> [WORK ORDER]:
Could you set down the listing below exactly, leaving out its pictures?

> [STORED DATA]:
:::::

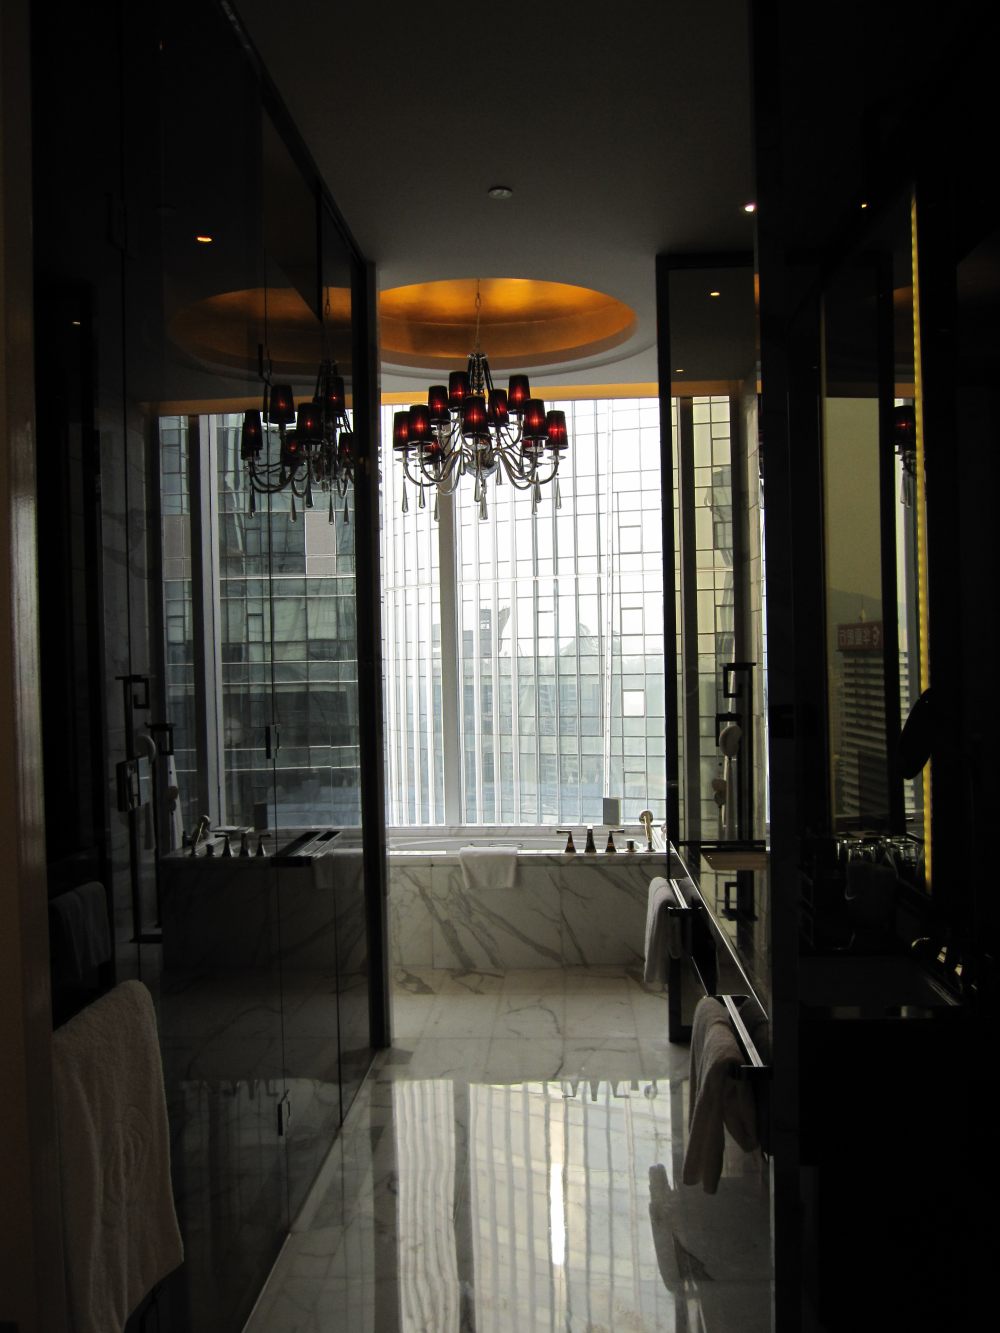 广州圣丰索菲特大酒店(Sofitel Guangzhou )(CCD)(20130702更新)_IMG_1513.JPG
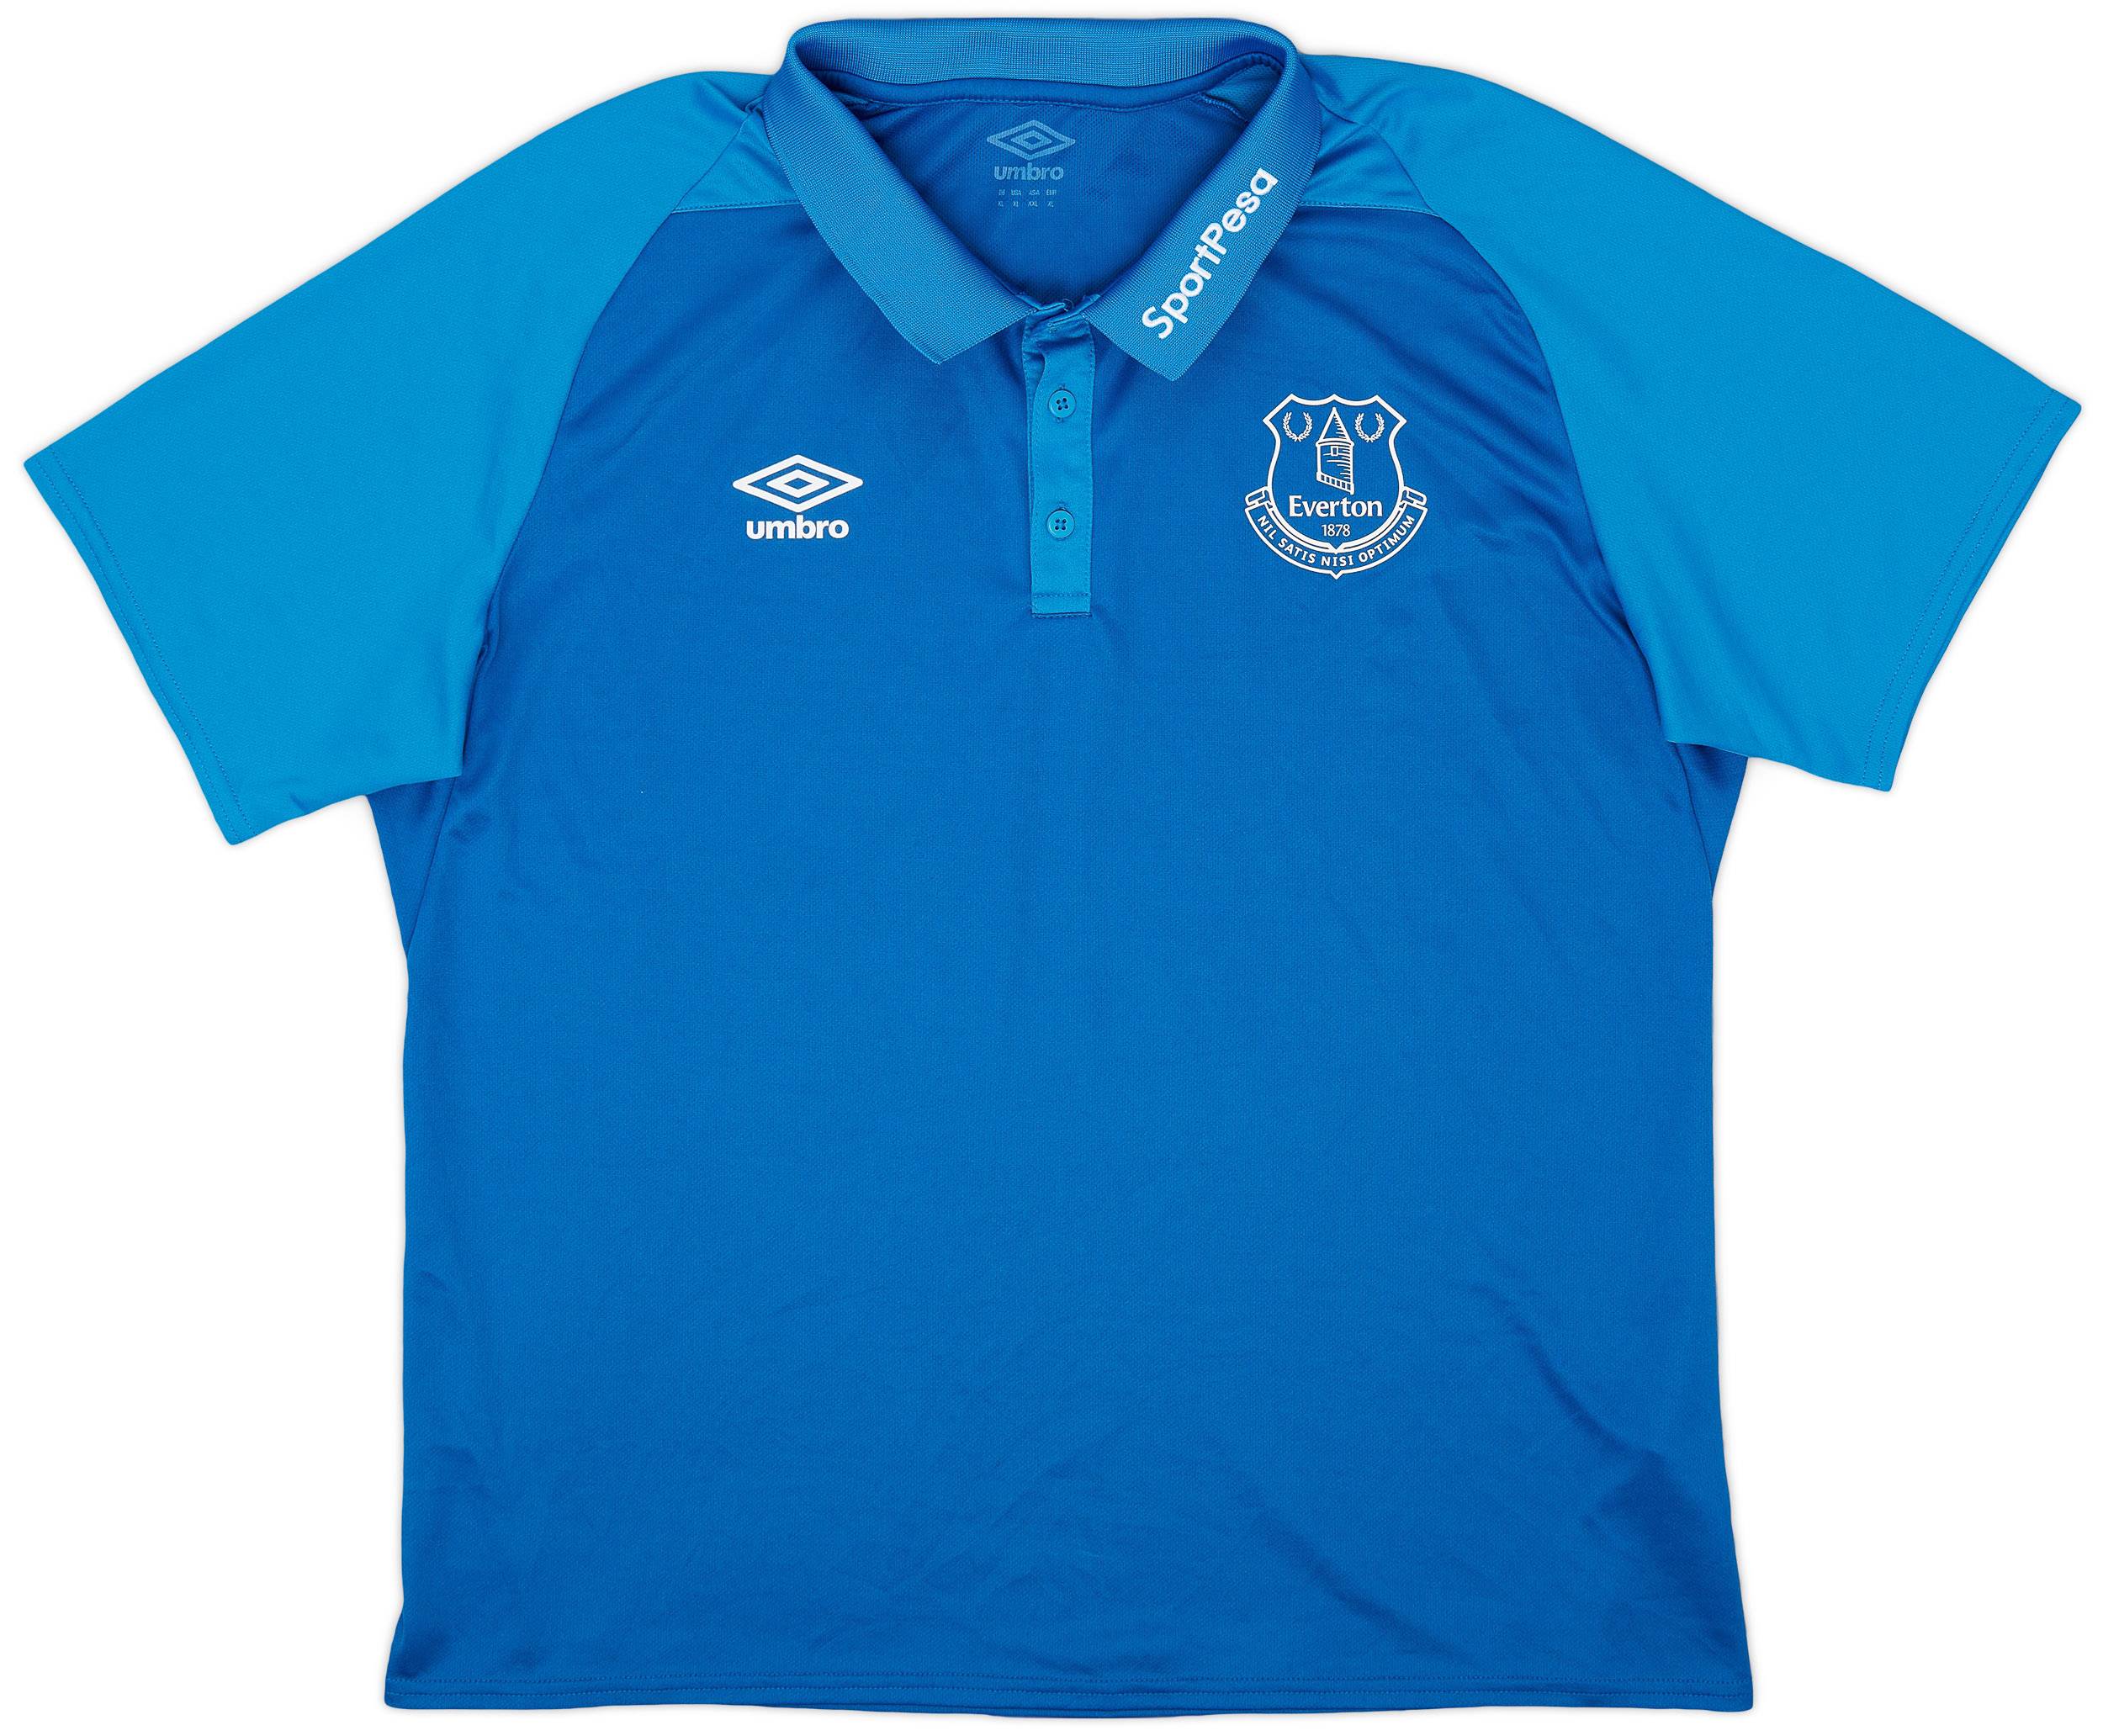 2017-18 Everton Umbro Polo Shirt - 9/10 - (XL)
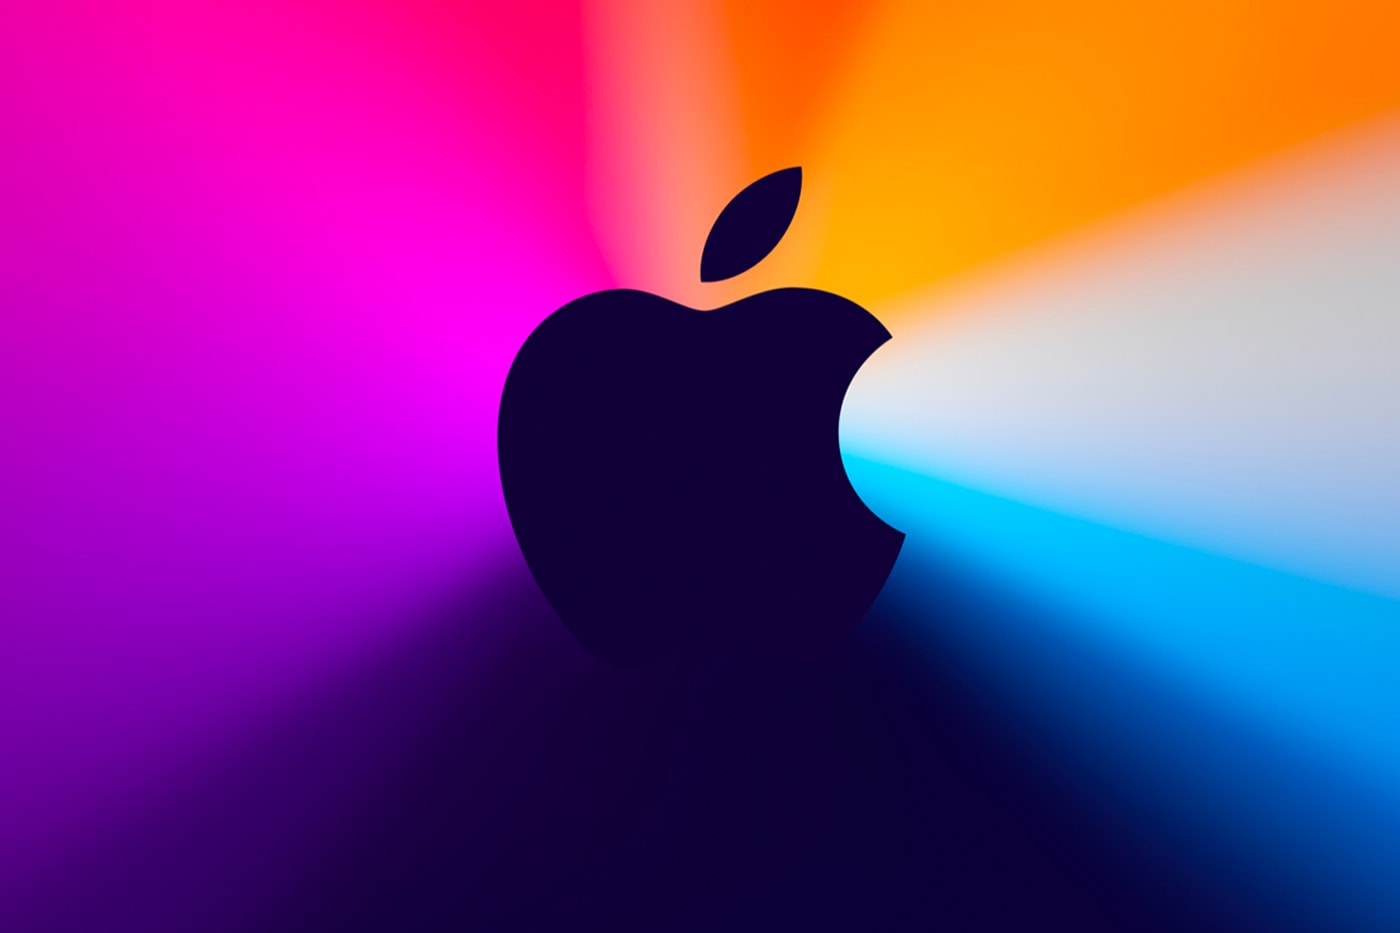 アップル Apple が新作発表イベントをオンラインで3月中に開催？ Rumored March Apple Introduce AirTags New iPads AirPods Info Date

:::::

> [ANSWER AREA]:
 广州圣丰索菲特大酒店(Sofitel Guangzhou )(CCD)(20130702更新)_IMG_1513.JPG
 2017-18 Everton Umbro Polo Shirt - 9/10 - (XL)
 アップル Apple が新作発表イベントをオンラインで3月中に開催？ Rumored March Apple Introduce AirTags New iPads AirPods Info Date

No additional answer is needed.